Yesterday morning, the jury reported that they had agreed and their verdict of 21 years was read. Brooks didn't seem to be affected at all, not a muscle of his face seeming to relax. It is understood that on the first ballot 10 of the jury were for murder, nine believing that the death penalty ought to be inflicted. All, however, finally came to the two who stood for 21 years, and in doing so they did well. It ends a very costly case and gives Brooks the benefit of any doubt that a heavier punishment would have been too severe. 

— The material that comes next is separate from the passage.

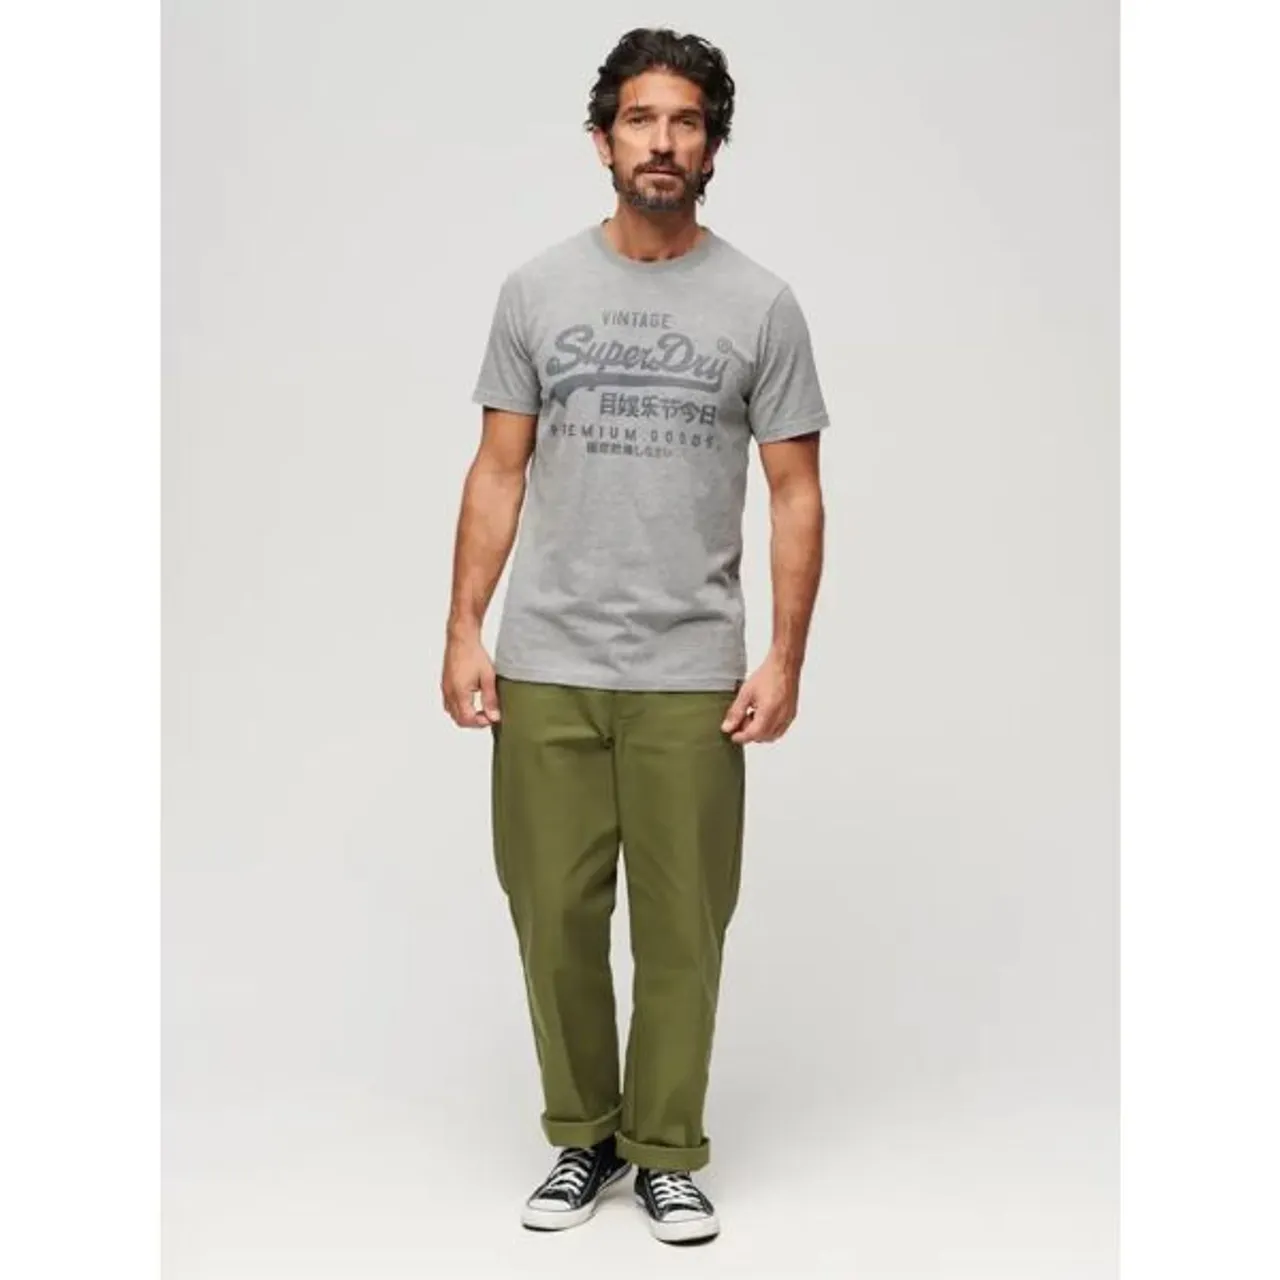 Superdry Classic Heritage T-Shirt - Ash Grey Marl - Male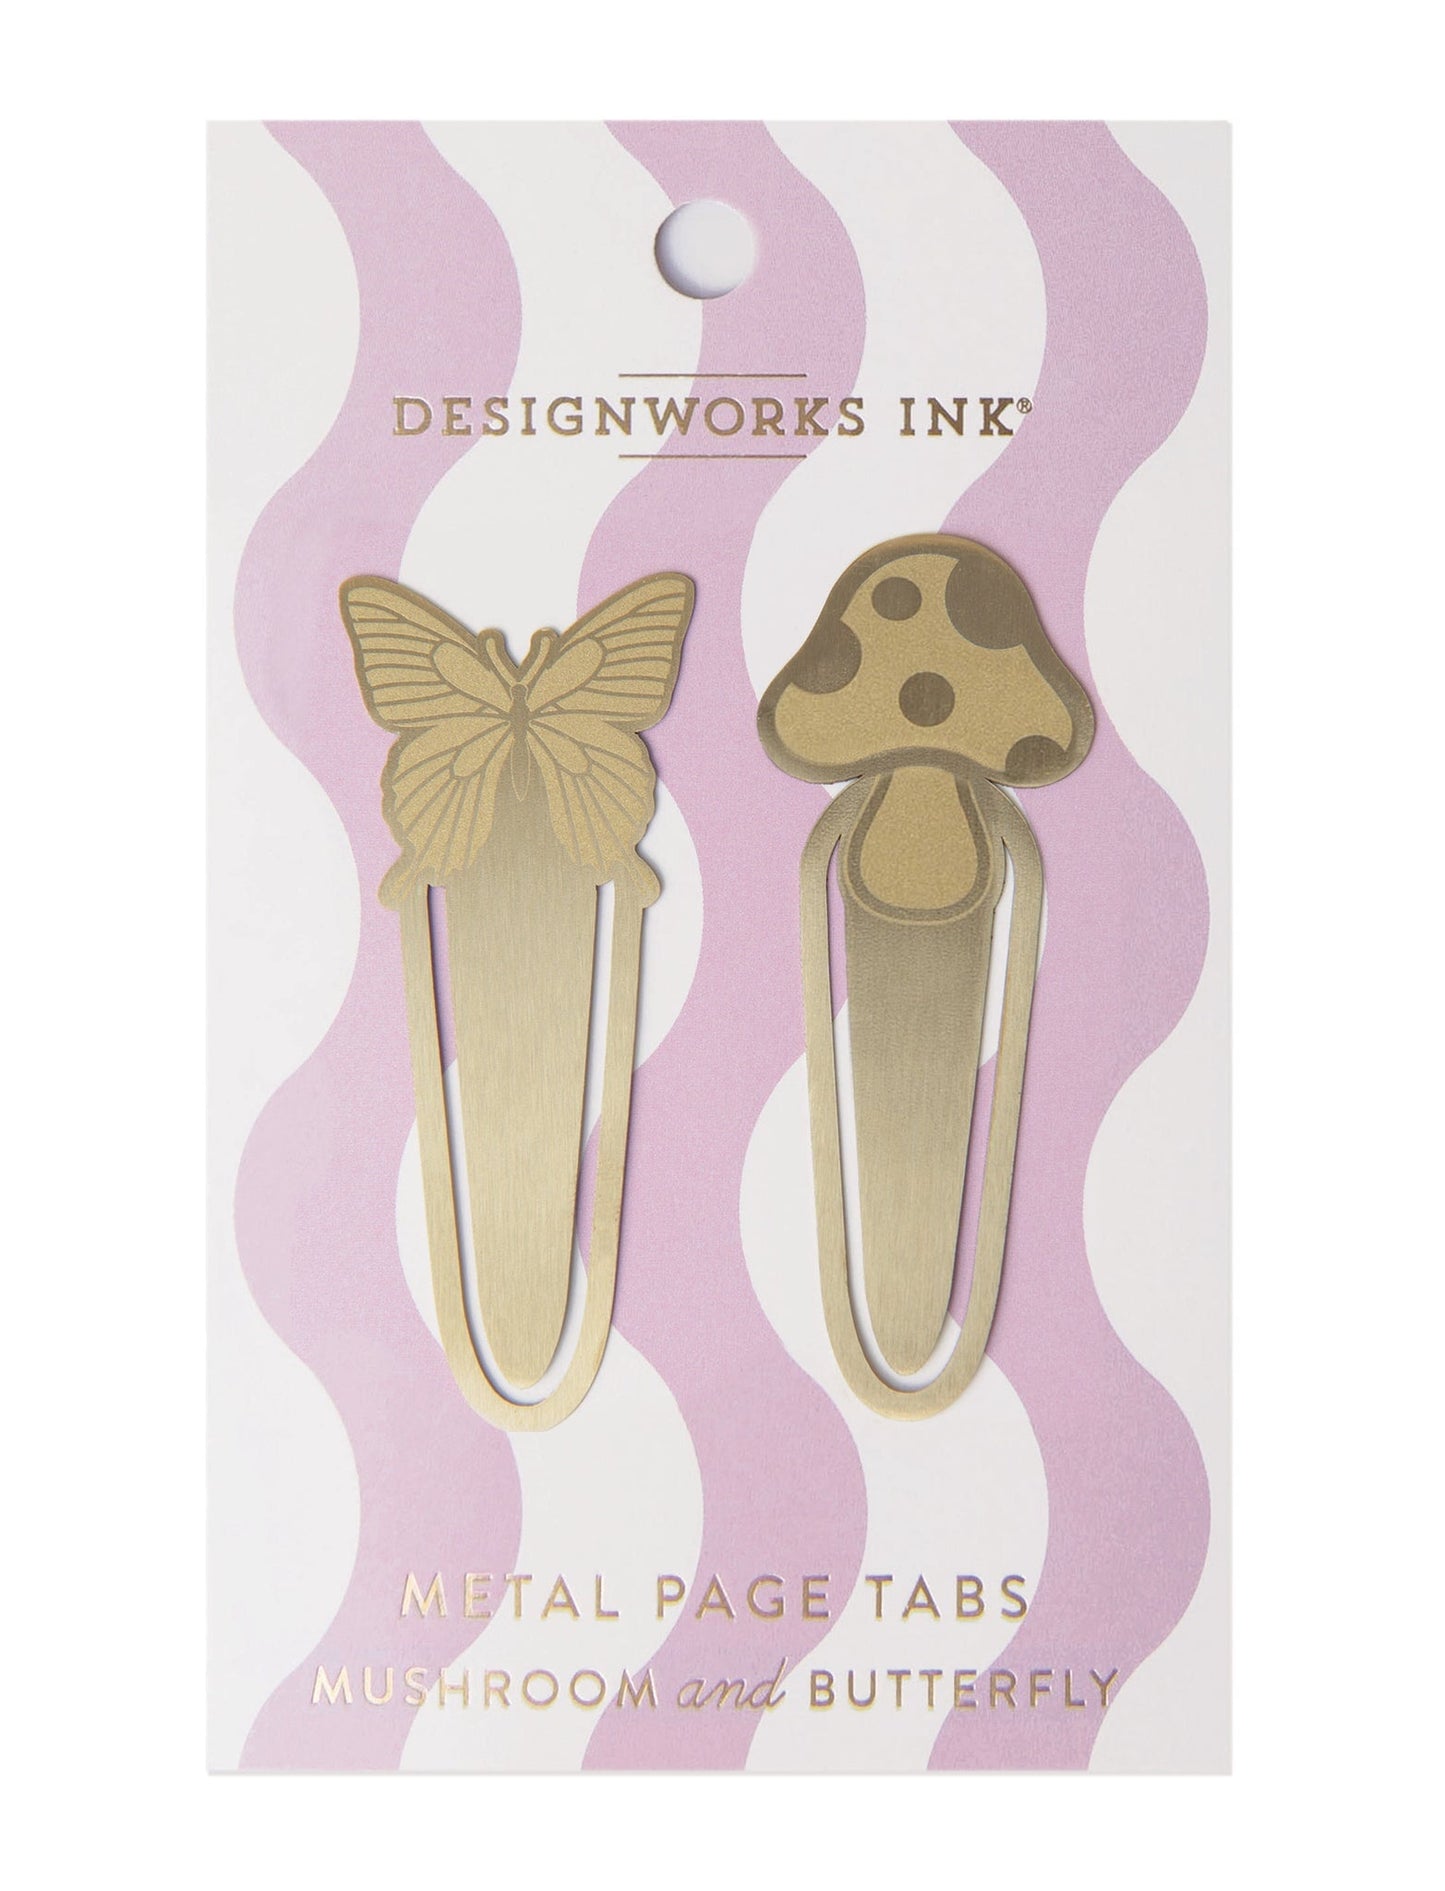 set of two gold colored metal page tabs, one with a butterfly design and one with a mushroom design

The condemned is a remarkably tall man, being about 6 1/2 feet high. He is not over 35 but has been married three times, the last time about eight months ago to Mrs. Nell, the widow of a brother of the late warden of the Frankfort penitentiary. He has three children and she three. His lawyers will move for a new trial. [4]


[March 5, 1897] -

A new trial was refused Frank Brooks, convicted of the murder of John Nevels and sentenced to 21 years, and an appeal was taken to the court of appeals. [5]


[November 13, 1900] -

PAROLED -- Frank Brooks, who killed John Nevels at Crab Orchard and was given a 21-year sentence in 1897, has been paroled.  A petition signed by hundreds of the best citizens in the county, including nine or 10 of the jurors who tried him, was sent to the prison commissioners. [6]


[November 16, 1900] -

PAROLED.-- Frank Brooks who has been serving a twenty one year sentence in the pen for killing Mr. Nevells at Crab Orchard a few years ago, has been paroled and returned home Sunday night.  We understand he is in very poor health one reason why he was released. [7]


[1] "Killing at Crab Orchard." Semi-Weekly Interior Journal, Stanford, KY. November 3, 1896. Page 5. LOC.

[2] "Hung Jury in Brooks' Case." Semi-Weekly Interior Journal, Stanford, KY. December 25, 1896. Page 3. LOC.

[3] Excerpt from "Crab Orchard." Semi-Weekly Interior Journal, Stanford, KY. March 2, 1897. Page 1. LOC.

[4] Excerpt from "Home News." Semi-Weekly Interior Journal, Stanford, KY. March 2, 1897. Page 5. LOC.

[5] Excerpt from "Home News." Semi-Weekly Interior Journal, Stanford, KY. March 5, 1897. Page 3. LOC.

[6] "Paroled." Semi-Weekly Interior Journal, Stanford, KY. November 13, 1900. Page 4. LOC.

[7] "Paroled." Mount Vernon Signal, Mount Vernon, KY. November 16, 1900. Page 3. LOC.